If you add confidence intervals to the plot, you can use the intervals to assess how precise the estimates of the fitted values are. In the first plot below, the lines for the confidence interval are approximately the same width as the predictor increases. In the second plot, the confidence interval gets wider as the value of the predictor increases. The wide interval is partly due to the small amount of data when the temperature is high.
Histogram of residuals
The histogram of the deviance residuals shows the distribution of the residuals for all observations.
Interpretation
| Pattern | What the pattern may indicate |
|---|---|
| A long tail in one direction | Skewness |
| A bar that is far away from the other bars | An outlier |
Because the appearance of a histogram depends on the number of intervals used to group the data, don't use a histogram to assess the normality of the residuals. Instead, use a normal probability plot.
Normal probability plot of residuals
The normal probability plot of the residuals displays the residuals versus their expected values when the distribution is normal.
Interpretation
Use the normal probability plot of the residuals to verify the assumption that the residuals are normally distributed. The normal probability plot of the residuals should approximately follow a straight line.

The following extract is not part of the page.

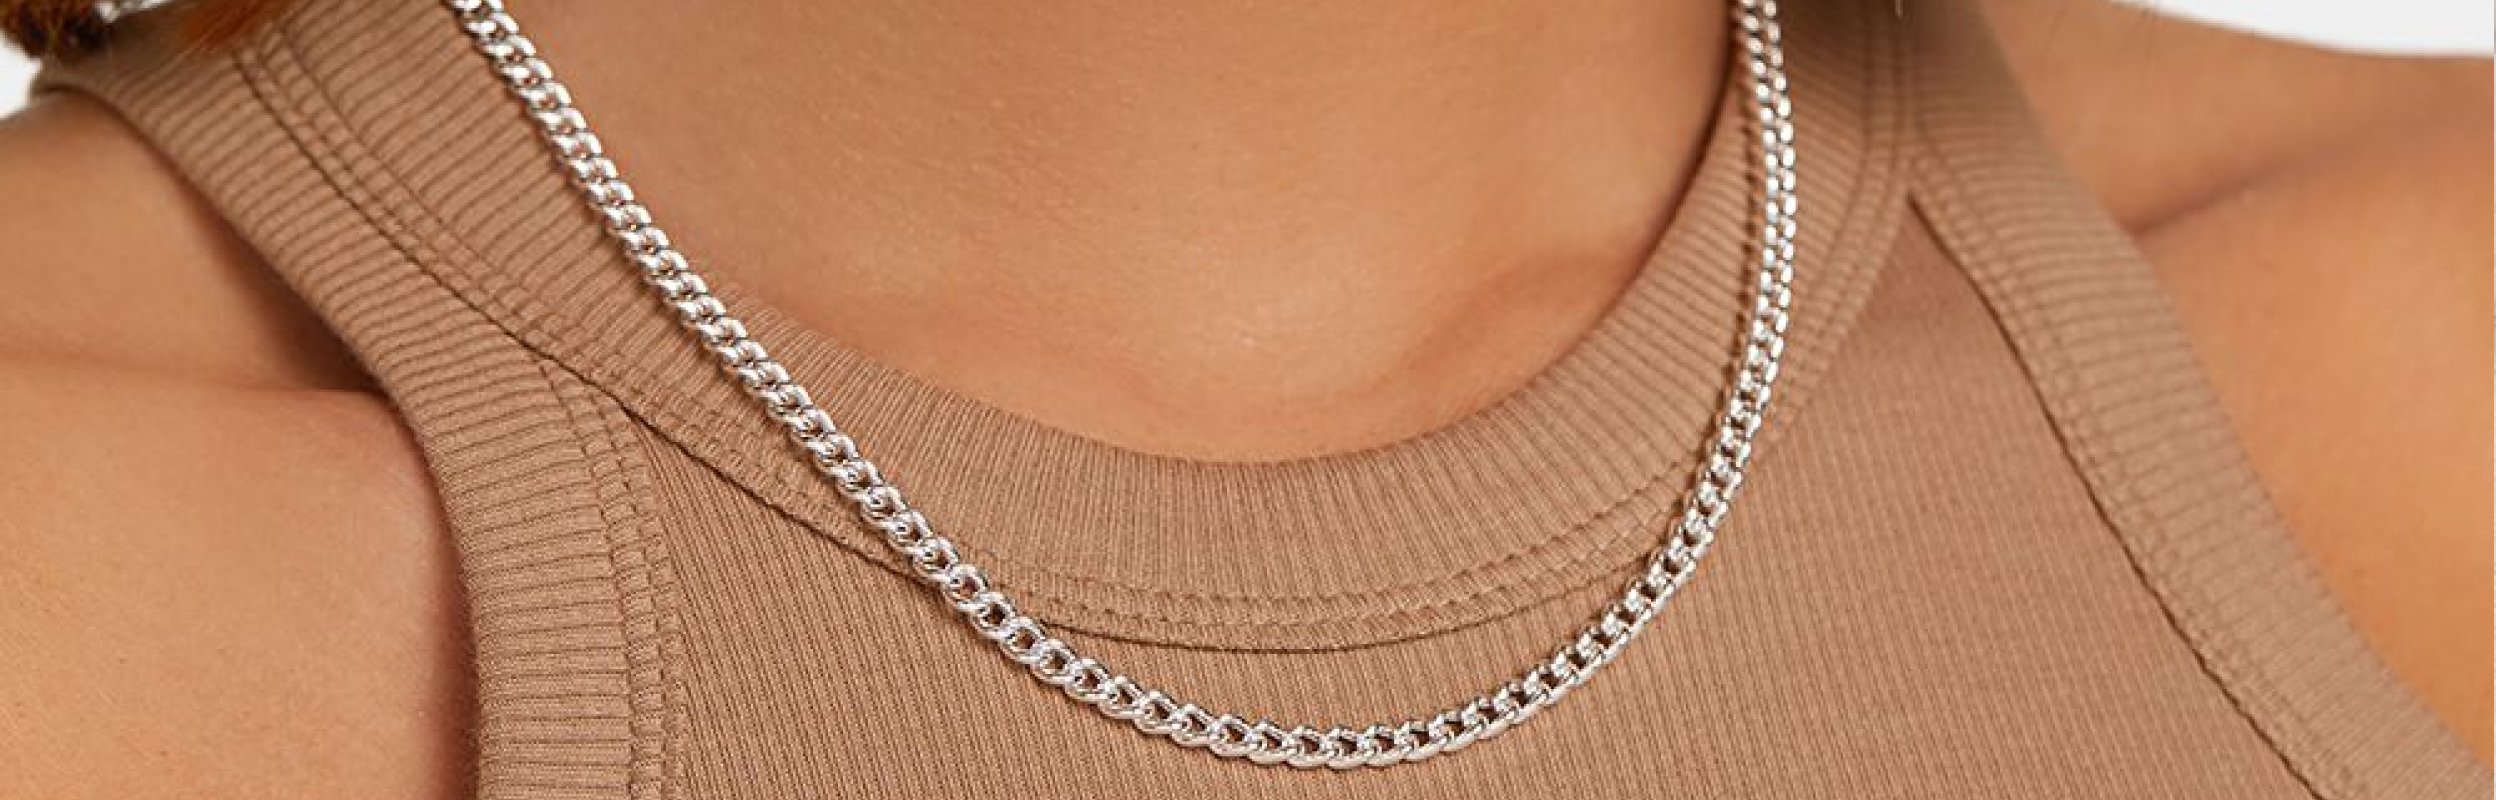 sterling silver curb chain necklace on woman

S-curve implies a distribution with long tails.
Inverted S-curve implies a distribution with short tails.
Downward curve implies a right-skewed distribution.
A few points lying away from the line implies a distribution with outliers.
If you see a nonnormal pattern, use the other residual plots to check for other problems with the model, such as missing terms or a time order effect. If the residuals do not follow a normal distribution, the normal approximation confidence intervals and Wald test p-values can be inaccurate.
Residuals versus fits
The residuals versus fits graph plots the residuals on the y-axis and the fitted values on the x-axis. The plot is meaningful when the data are in Event/Trial format. When the data are in Binary Response/Frequency format, Minitab does not provide this plot.
Interpretation
Use the residuals versus fits plot to verify the assumption that the residuals are randomly distributed. Ideally, the points should fall randomly on both sides of 0, with no recognizable patterns in the points.
| Pattern | What the pattern may indicate |
|---|---|
| Fanning or uneven spreading of residuals across fitted values | An inappropriate link function |
| Curvilinear | A missing higher-order term or an inappropriate link function |
| A point that is far away from zero | An outlier |
| A point that is far away from the other points in the x-direction | An influential point |
Plot with outlier
One of the points is much larger than all of the other points. Therefore, the point is an outlier. If there are too many outliers, the model may not be acceptable. You should try to identify the cause of any outlier. Correct any data entry or measurement errors. Consider removing data values that are associated with abnormal, one-time events (special causes). Then, repeat the analysis.
Plot with nonconstant variance
The variance of the residuals increases with the fitted values. Notice that, as the value of the fits increases, the scatter among the residuals widens. This pattern indicates that the variances of the residuals are unequal (nonconstant).
| Issue | Possible solution |
|---|---|
| Nonconstant variance | Consider using different terms in the model, a different link function, or weights. |
| An outlier or influential point |
|
Residuals versus order
The residuals versus order plot displays the residuals in the order that the data were collected.
Interpretation
Trend
Shift
Cycle
Residuals versus the variables
The residual versus variables plot displays the residuals versus another variable. The variable could already be included in your model. Or, the variable may not be in the model, but you suspect it affects the response.
Interpretation
If you see a non-random pattern in the residuals, it indicates that the variable affects the response in a systematic way. Consider including this variable in an analysis.